The prose poems of Stephane Mallarme (1842-1898) are particular favorites of mine. Generally associated with the fin de siecle Symbolist movement, Mallarme's verse lacked the spleen of Baudelaire and the phoenix glow of Rimbaud, but had a level of ethereal sophistication that eluded them both. All three shared a similar sooted, Poe-damaged incandescence: over wrought and humorously bleak. Mallarme held a regular Tuesday writer's salon that hosted Gide, Valery, Yeats and Verlaine among others and was an inspiration to Manet and Gauguin.
For me, his genius is most apparent in the masterwork Igitur. Using Poe's "The Raven" as a reference, Mallarme trajects directly out of any sort of classic poetic constraints with Igitur's entelechic struggle: really extraordinary for the time. Mallarme had a reputation as a perfectionist and spent huge amounts of effort and anxiety on form in his pursuit of a new poetics. His was a methodic, form shattering verse incorporating modernist marginalia: structural, though seemingly random and disjointed.
And so to a beer worthy of this visionary iconoclast: my own dice thrown at midnight (the caprice of wild fermentation (chance annulled?)). I brewed Mallarme about 2 years ago, on a yeast cake of WLP530(the Westmalle/Westvletern strain). I went with a simple grist in the style of a ramped up Flanders Red and mashed at an elevated temperature to secure some body. In the long secondary fermentation I had it resting on a handful of french oak cubes with my house mixed culture strain (complimented by choice bottle dregs along the way) in a glass fermentor.

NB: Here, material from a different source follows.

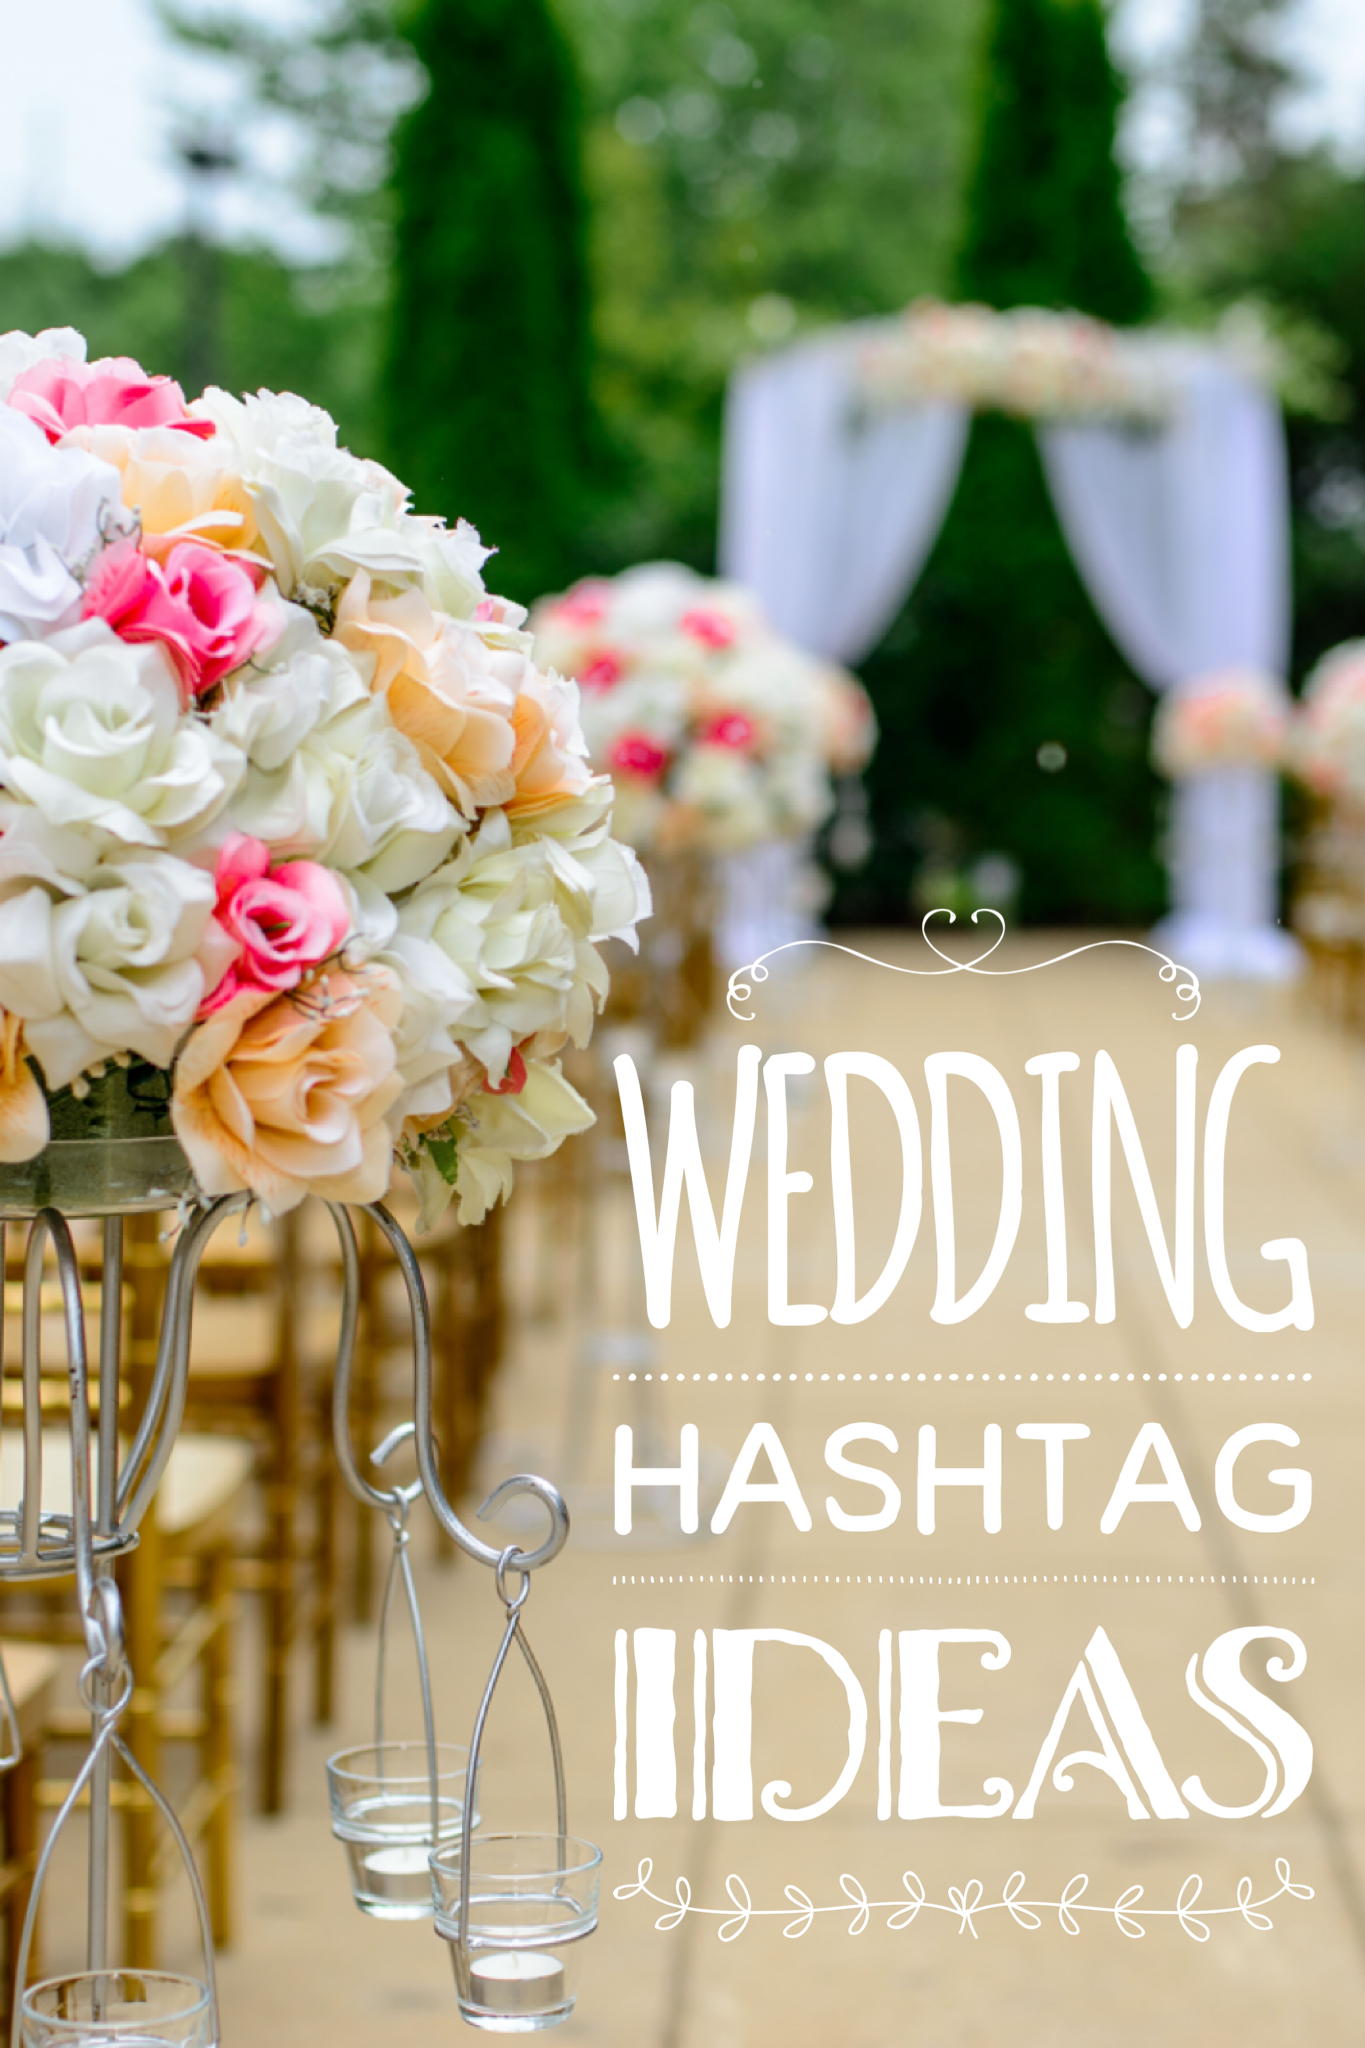 Wedding Hashtag Generator Wedding hashtag generator

For perspective, Rodenbach made a fascinating 10% abv Vin de Cereale (Flanders-Red-Barleywine) from a single foeder in 2004 that Rachel and I were lucky enough to find a bottle of in Belgium. It was a still beer, though the lack of carbonation did not diminish it's refined, classic Rodenbach lactic-aceto-sour punch. A bit of research provided that the beer was unfortunately filtered, pasteurized and lightly back sweetened.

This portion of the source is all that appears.